Caractérisés par la présence d’une liaison Si-H, les hydrosilanes sont des composés importants dans l’industrie du silicium permettant l’accès à une variété d’organosilanes à travers des réactions d’insertion dans des composés insaturés (alcènes) ou de couplage déshydrogénant (polysilanes) qui intéressent différents domaines industriels (électronique, polymères…). Les hydrosilanes sont également des réducteurs chimiques attrayants. La polarité de la liaison Si-H ainsi que son énergie de liaison plus faible que celle de l’hydrogène moléculaire permettent des réactivités dans des conditions douces de température et de pression et offrent des chimio-sélectivités remarquables. Les hydrosilanes sont donc de plus en plus utilisés en chimie pour réduire les liaisons carbone-oxygène de molécules très oxydées telles que le CO2, certaines matières plastiques (polyesters, polycarbonates…) et celles issues de la décomposition de la biomasse (lignine, cellulose…) et qui sont perçues par l’industrie chimique comme les sources futures de matière carbonée en remplacement des hydrocarbures, pour atteindre une économie circulaire du carbone.
Procédé Müller-Rochow de synthèses des hydrosilanes par traitement des chlorosilanes obtenus à partir de silice SiO2, par des hydrures métalliques tel que LiAlH4.
Les synthèses actuelles des hydrosilanes par le procédé Müller-Rochow sont laborieuses et extrêmement énergivores (voir schéma ci-dessus). Pour une utilisation industrielle massive, les hydrosilanes doivent être produits par des méthodes plus simples et plus économiques. L’hydrogénation catalytique de composés halogéno-silanes [Si]-X (X = Cl, Br, I, CF3SO3) en dérivés [Si]-H est une voie récemment considérée et particulièrement attrayante, en particulier pour les dérivés chlorés [1]. Des études mécanistiques ont montré que la génération d’un hydrure métallique [M]-H, en faisant réagir un composé métallique [M]-X en présence d’une base sous atmosphère de H2, est essentielle car celui-ci peut alors produire l’hydrosilane en transférant son hydrure sur l’atome de silicium.
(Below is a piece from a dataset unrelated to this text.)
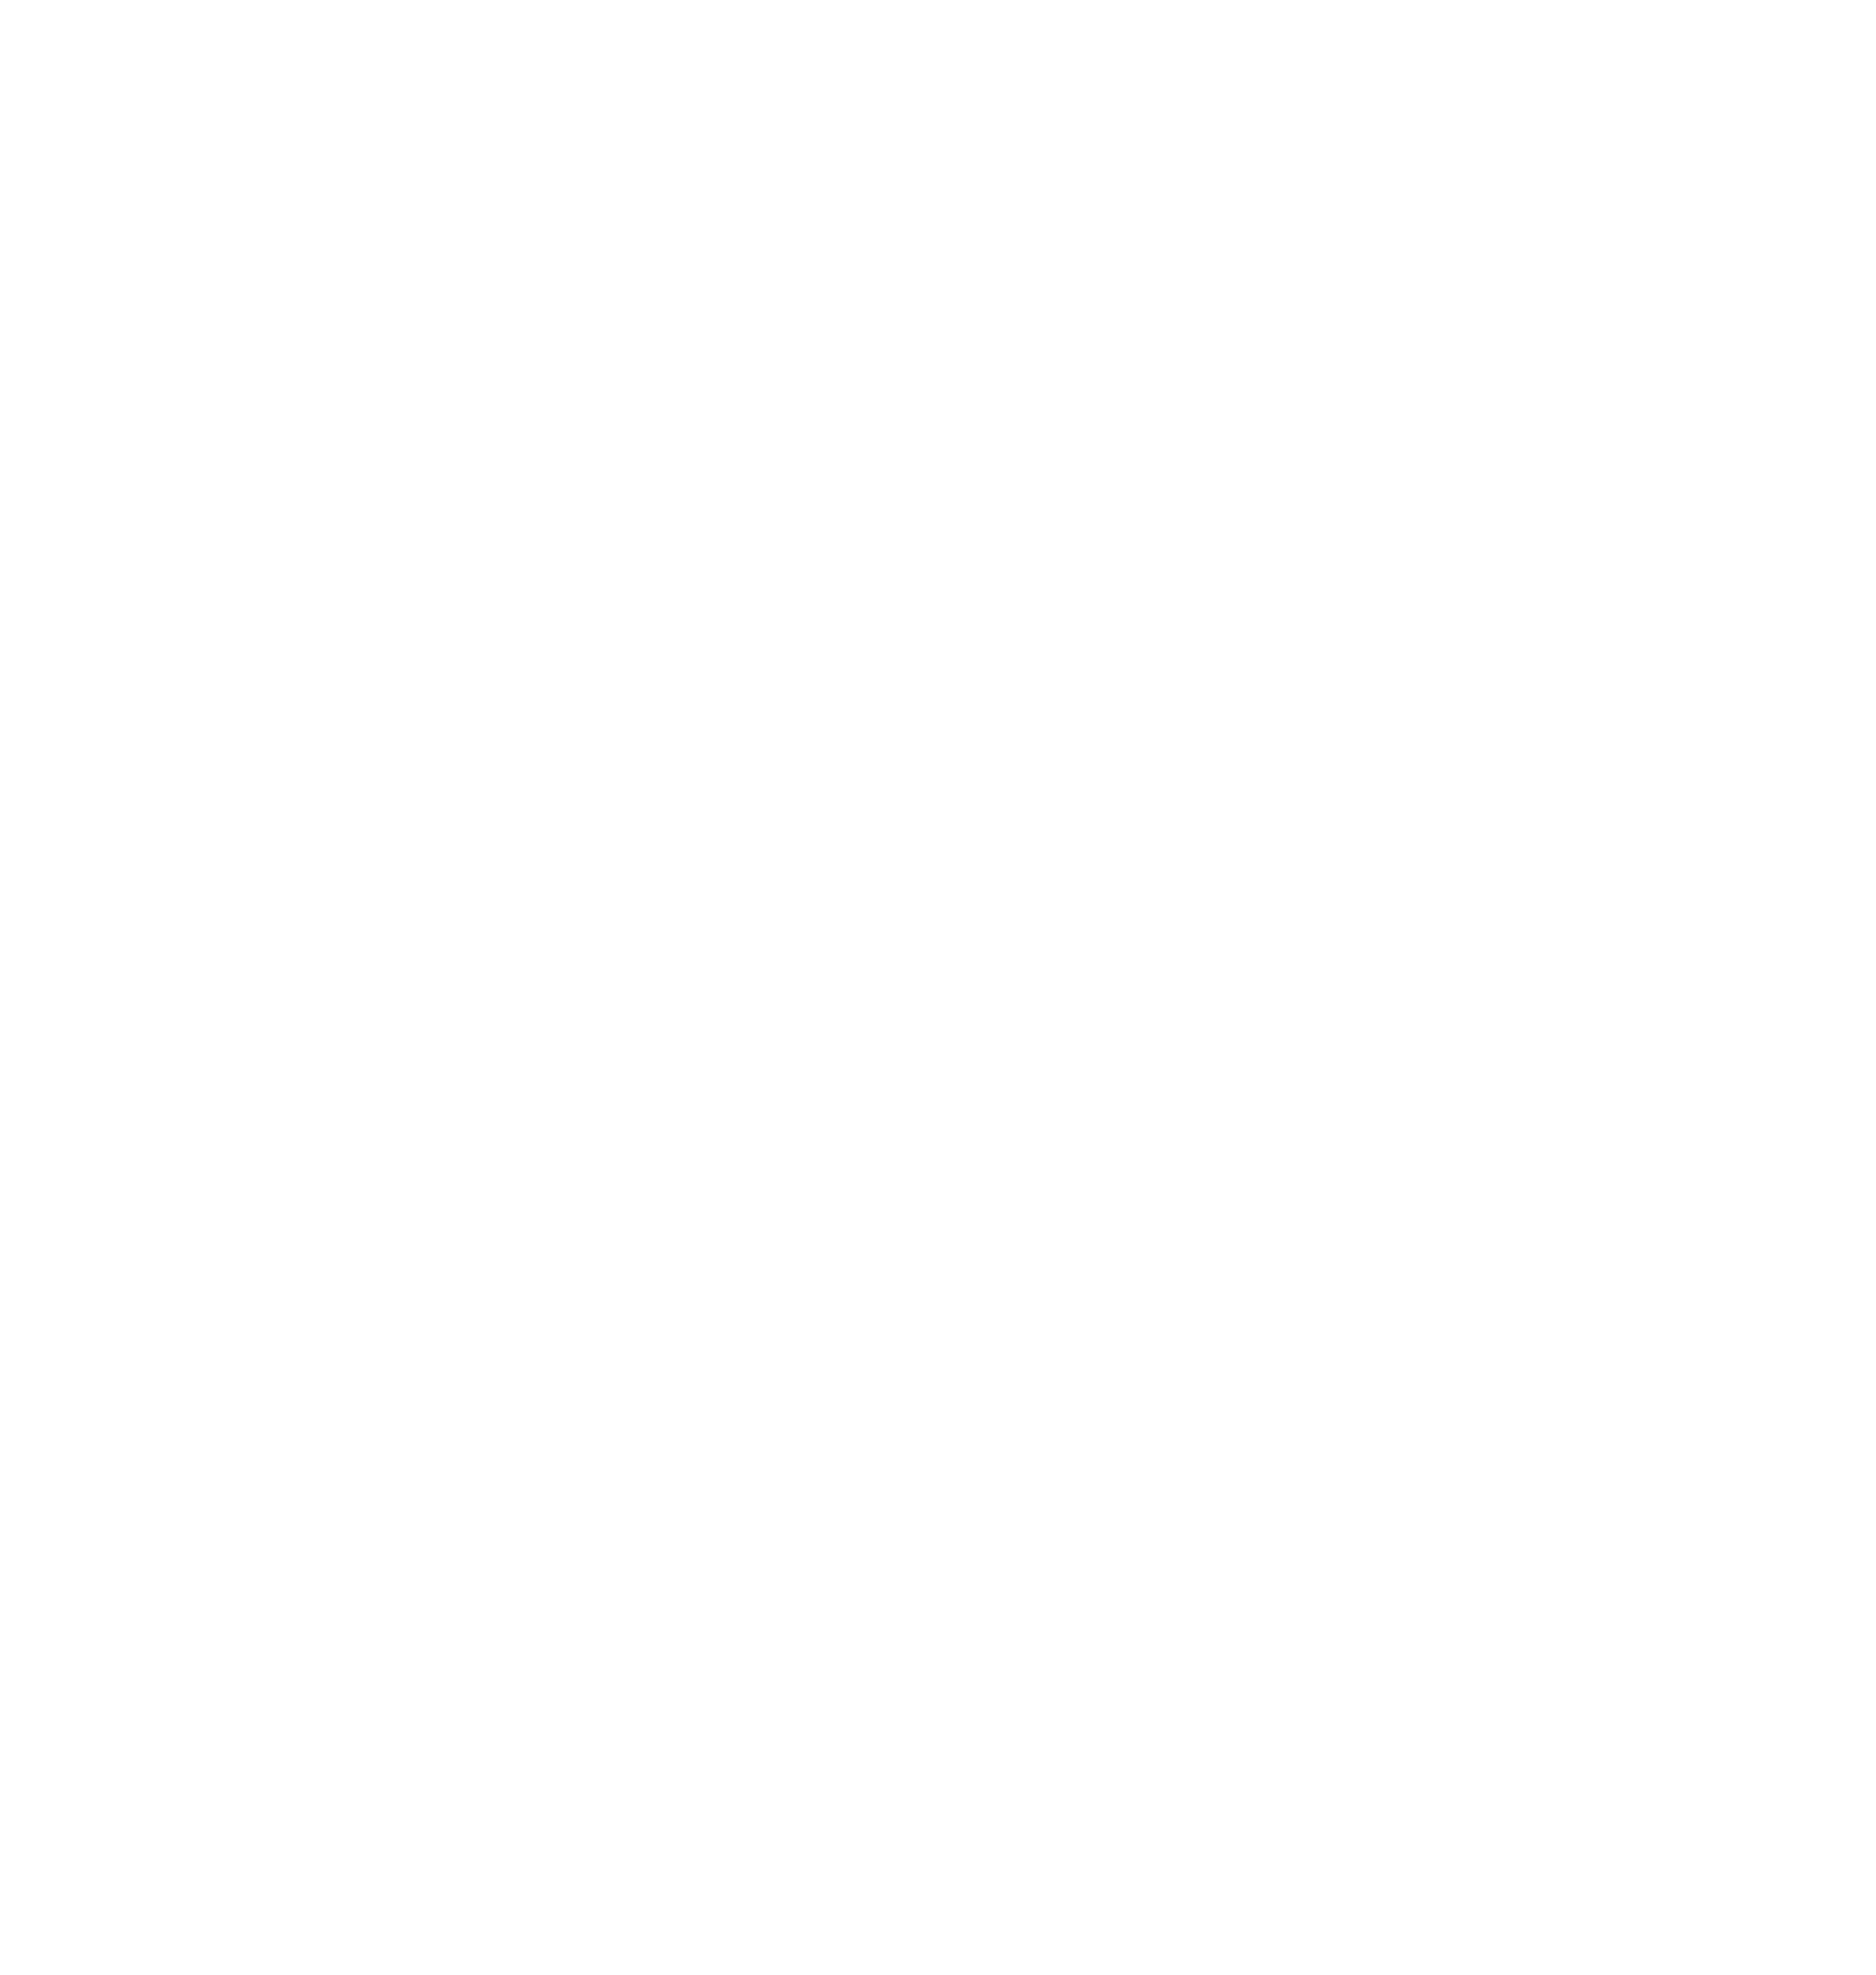 Ten-wheels

Réaction catalytique d’hydrogénolyse des halosilanes. Le catalyseur comprend l’association d’une base et d’un composé d’iridium (ou de bore).
Dans ce cadre, l‘équipe LCMCE du NIMBE (CEA/CNRS) a développé, en jouant sur la nature du catalyseur (composé d’iridium ou de bore) et de la base associée (composés organiques azotés et/ou phosphorés favorisant la coupure hétérolytique en H+ et H– de la molécule d’hydrogène), des systèmes « [catalyseur]/Base » performants pour transformer des composés [Si]-X en [Si]-H. Ces systèmes catalytiques, solubles dans des solvants organiques, fonctionnent à la température ambiante et sous faible pression de H2 (1 à 10 bar). Surtout, ils sont supérieurs aux systèmes rapportés précédemment et ne nécessitent l’ajout d’aucun autre additif comme c’était le cas jusqu’à présent.
Le LCMCE a montré avec l’iridium que des espèces dihydrure neutre [Ir](H)2 et/ou trihydrures anionique [Ir](H)3 étaient générées selon la base utilisée. Alors que l’espèce neutre [Ir](H)2 permet de réduire les halosilanes [Si]-X (X = Br, I, CF3SO3), seul le complexe anionique [Ir](H)3̅ a une réactivité suffisante pour convertir les chlorosilanes [2,3]. La compréhension des mécanismes catalytiques mis en jeu avec les complexes d’iridium et l’implication d’hydrures métalliques a permis de développer les premiers complexes sans métaux pour l’hydrogénolyse des halosilanes en hydrosilanes. Enfin, en exploitant le concept de « Paire de Lewis Frustrée** », des composés moléculaires du bore ont pu être utilisés comme catalyseurs pour former des hydrosilanes à partir d’halosilanes (X = Cl, Br, I, CF3SO3) [4].
Ces résultats ouvrent la voie vers de nouveaux systèmes catalytiques moins énergivores pour un procédé de production d’hydrosilanes renouvelables, permettant un cycle plus vertueux de l’élément silicium.
*Hydrosilane : Composé organique du silicium (IV) de formule générique RnSixHy, avec y > 0 et R = fragment alkyle (CnH2n+1).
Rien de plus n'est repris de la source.